BEGIN DATASET EXTRACT
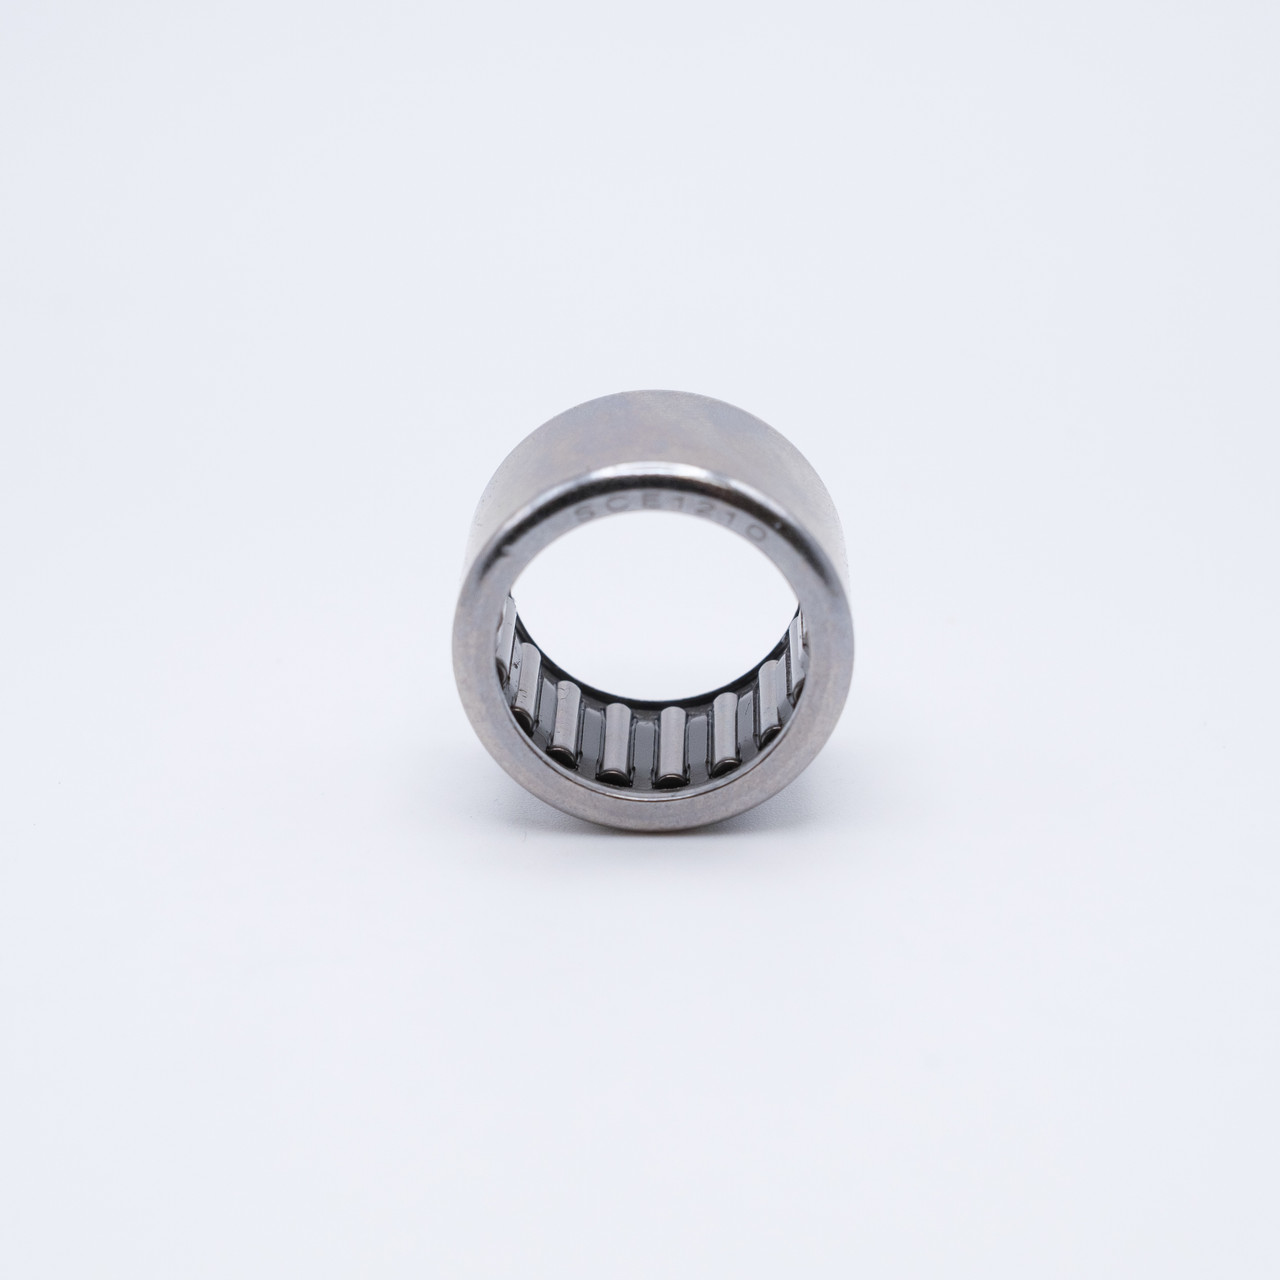 J1616 Needle Roller Bearing 1x1-1/4x1 Front View
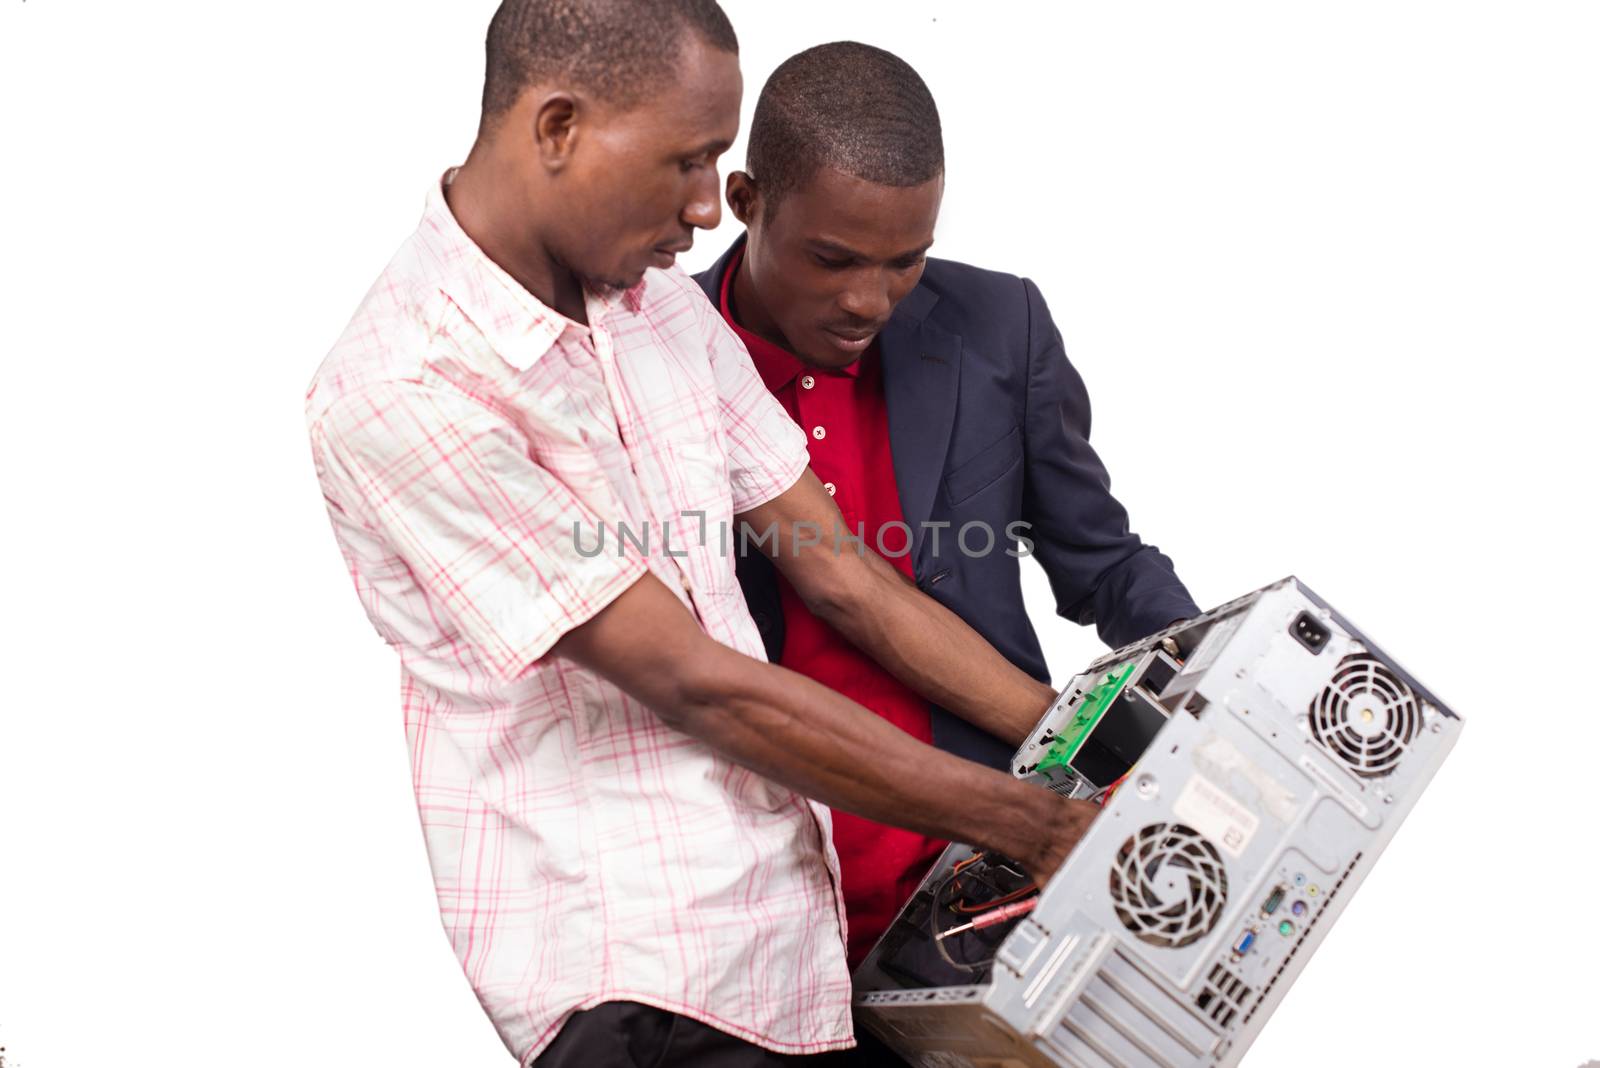 Technician repairing a broken down computer in an office in front of his boss
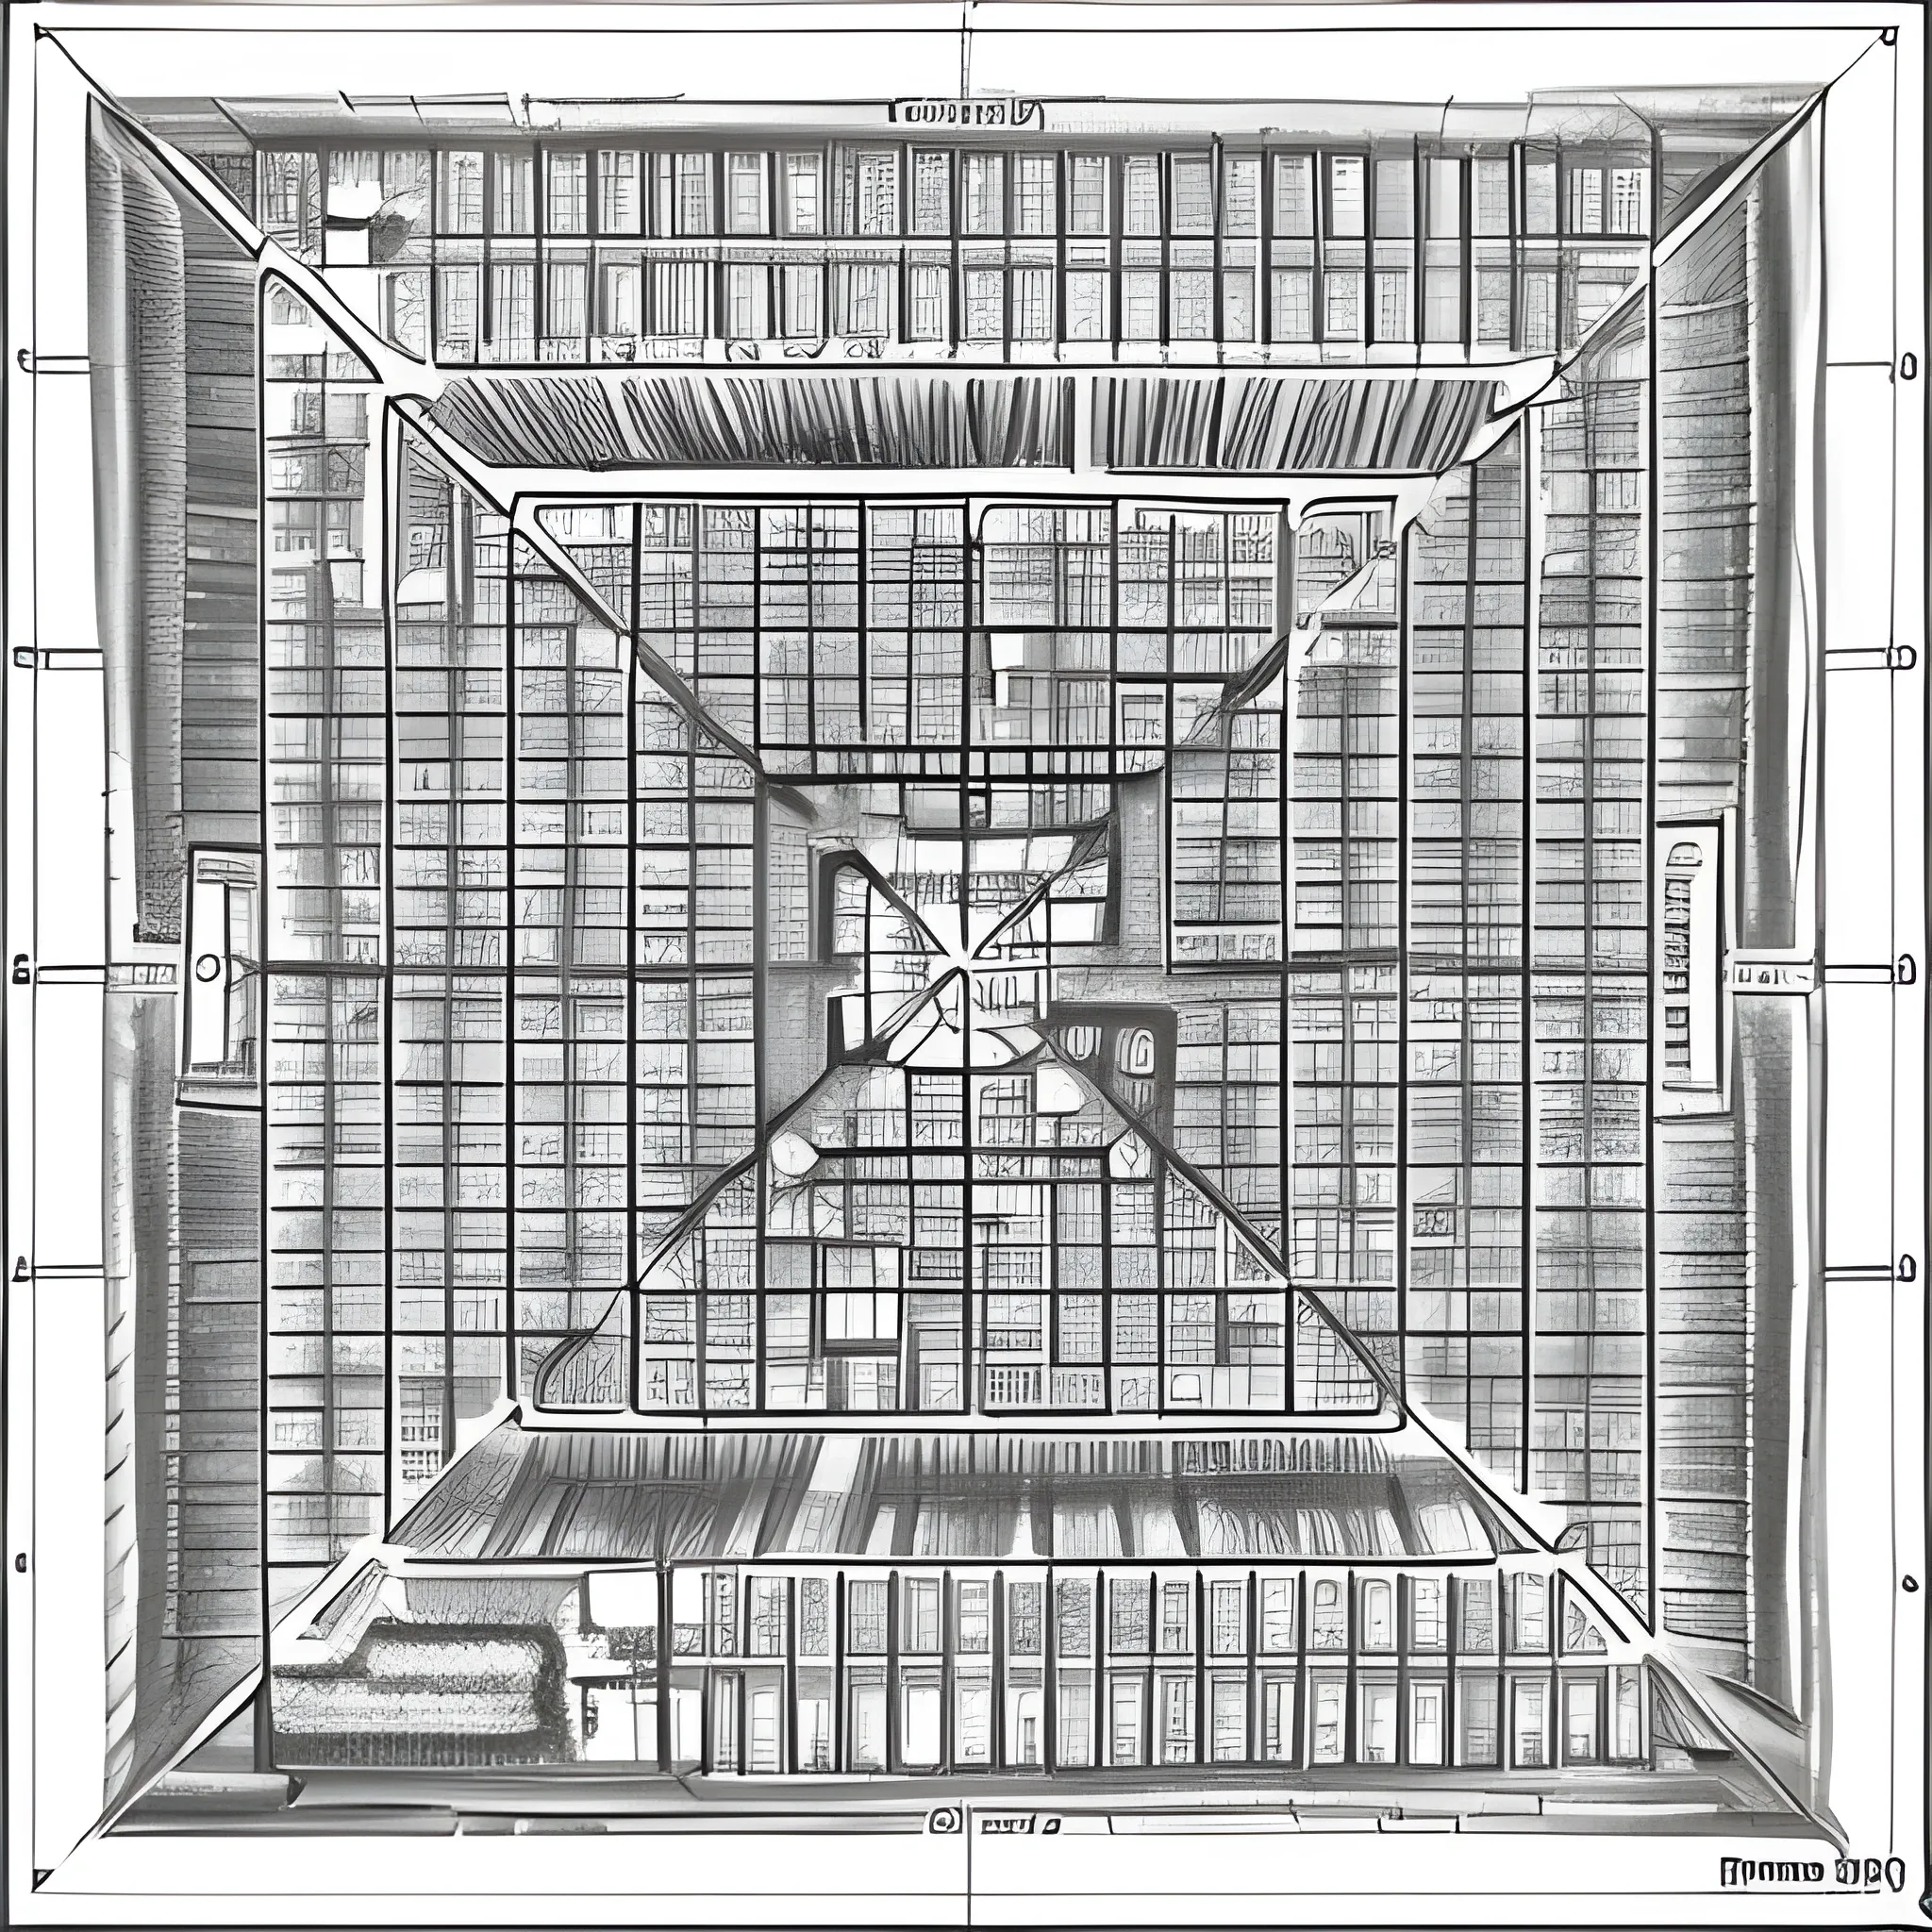 map, simple, black and white, map of a facility with many corridors and rooms, drawn with pencils
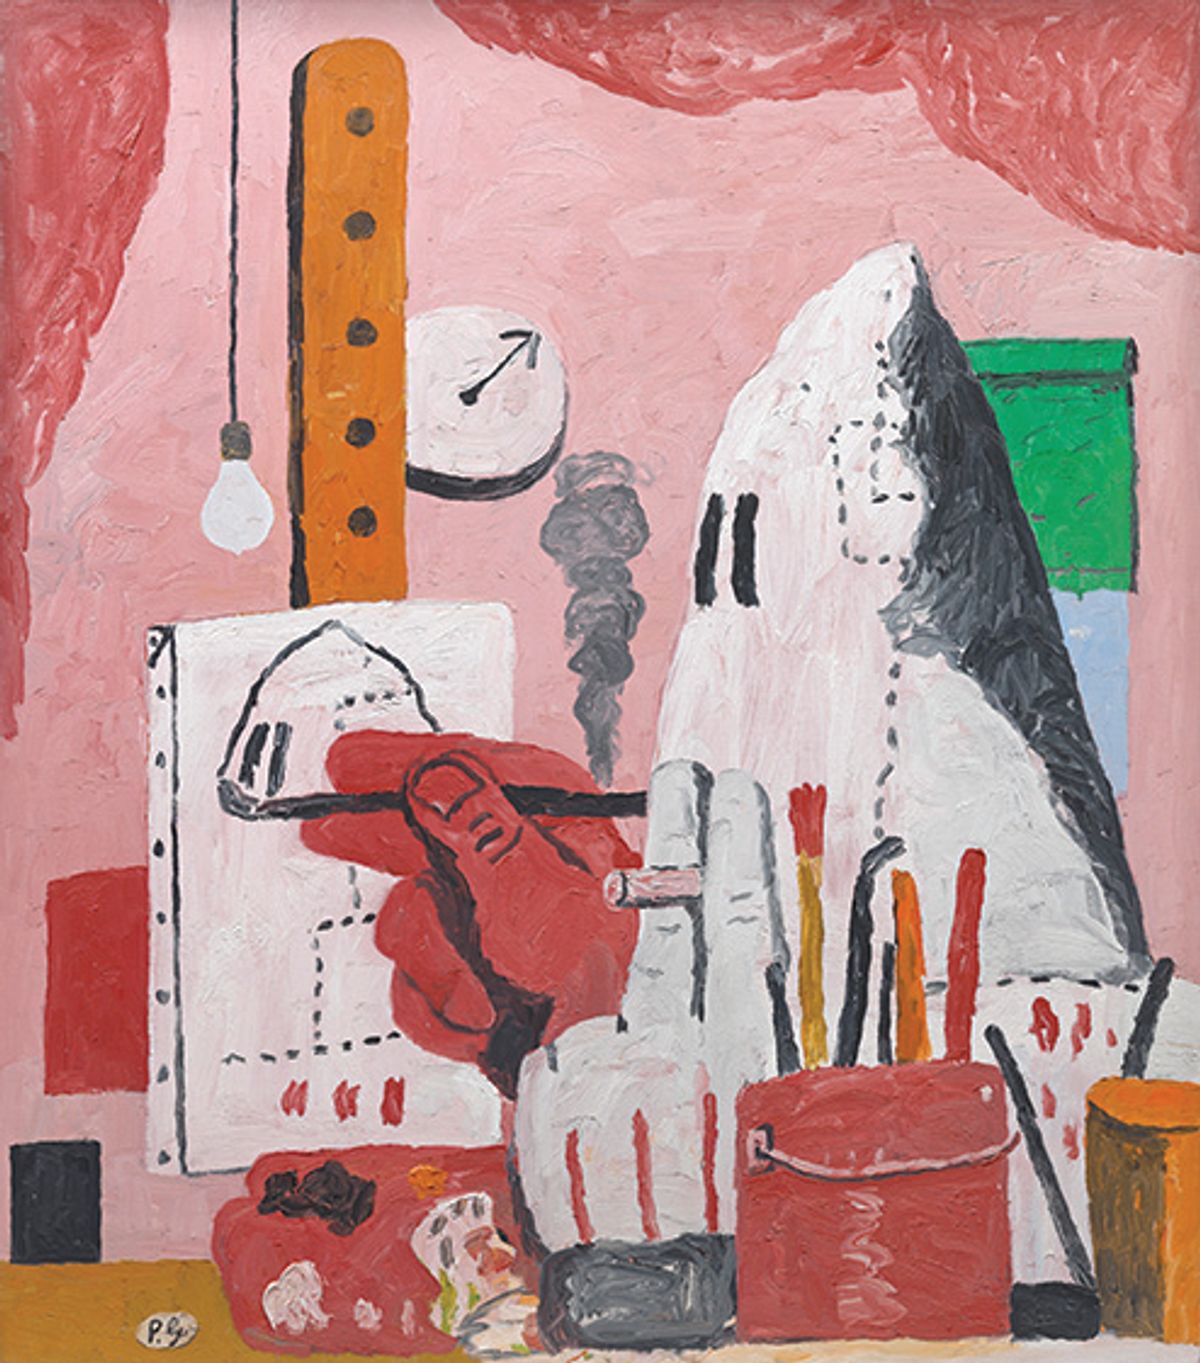 The Studio (1969), one of Philip Guston’s best-known works featuring Ku Klux Klan motifs, will be shown in a separate space in the Boston show, suggesting the artist’s own studio © Estate of Philip Guston, courtesy Hauser & Wirth and Museum of Fine Arts, Boston
END DATASET EXTRACT
Retype all of the listing above exactly, but keep its pictures out.

 J1616 Needle Roller Bearing 1x1-1/4x1 Front View
 Technician repairing a broken down computer in an office in front of his boss
 map, simple, black and white, map of a facility with many corridors and rooms, drawn with pencils
 The Studio (1969), one of Philip Guston’s best-known works featuring Ku Klux Klan motifs, will be shown in a separate space in the Boston show, suggesting the artist’s own studio © Estate of Philip Guston, courtesy Hauser & Wirth and Museum of Fine Arts, Boston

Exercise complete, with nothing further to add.